Ford’s philanthropic work began at UAMS when her mother and mother-in-law were suffering from Alzheimer’s disease. Having once considered medical school, her commitment to medical and health causes earned her the nickname “Dr. JoJo,” after the diminutive her family used.

In 1997, the Reynolds Foundation awarded UAMS a $10.5 million grant to establish the department of geriatrics and an $18.3 million grant to build the new 96,000-square-foot structure to house the geriatric education and research programs, patient services, public policy initiative, and administrative offices. Ford served on and chaired its Foundation Fund Board and focused on developing the Donald W. Reynolds Institute of Aging. An auditorium in the university’s Department of Geriatrics is named for her, as is the institute’s distinguished service award.

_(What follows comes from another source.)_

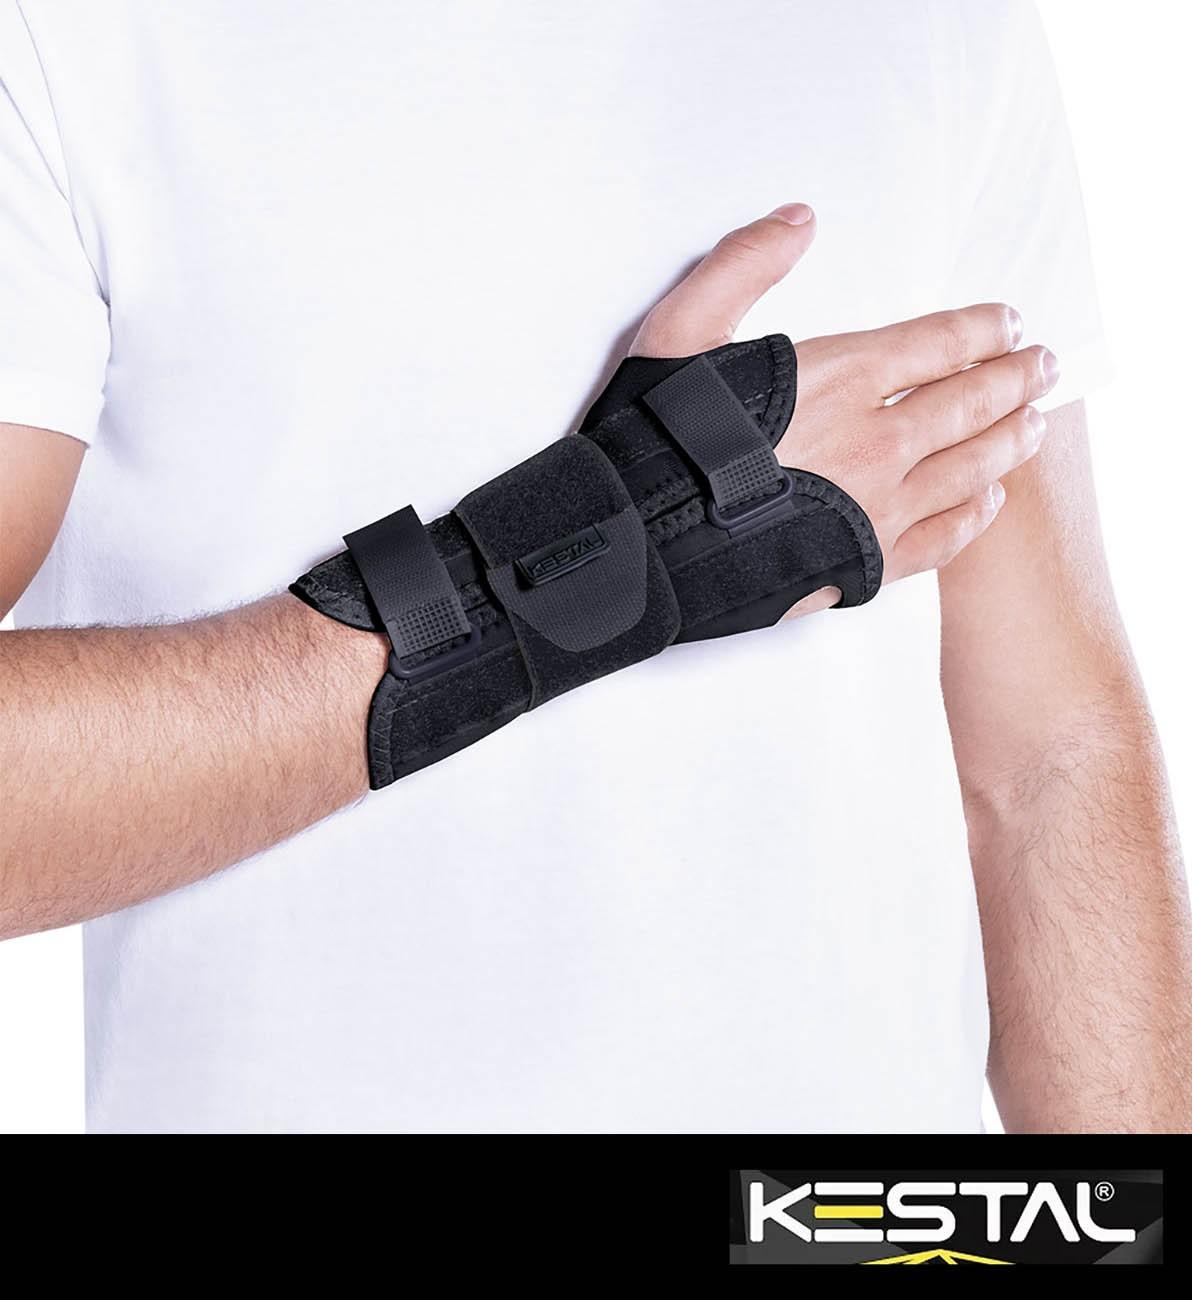 Munhequeira Com Tala e 3 Tiras Bilateral (KSN031) - Kestal

“When we were writing the grant for the Reynolds gift, she helped us write it,” said then-UAMS Chancellor Dr. Harry Ward in 2001. “Without her strong words of commitment we never would have gotten the grant.”

“And after the grant was awarded, we still needed to raise 20%, or $3.6 million, of the construction costs, and she helped us do that,” he said. “The Center on Aging would not exist without Jo Ellen Ford.”

Ford, who received the inaugural UAMS P.O. Hooper, M.D., Leadership Award, also helped establish the university’s Winthrop P. Rockefeller Cancer Institute, for which she and her husband received the Pat and Willard Walker Tribute Award. Her philanthropy also helped the UAMS College of Nursing, the Stop Alzheimer’s organization, an endowed fund in clinical affairs, programs to address covid-19, and UAMS’ Orthopaedics and Spine Hospital, to which survivors are asking memorial donations be made.

“Jo Ellen Ford was an exceptional Arkansan whose support, generosity and lifetime of service profoundly impacted UAMS and the state of health care in Arkansas,” said UAMS Chancellor Dr. Cam Patterson in a statement. “She unselfishly gave of her wisdom and her time to serve as a trusted advisor to me and other chancellors before me. I will miss her gentle guiding hand but am grateful to have known her and will always remember her as a treasured friend.”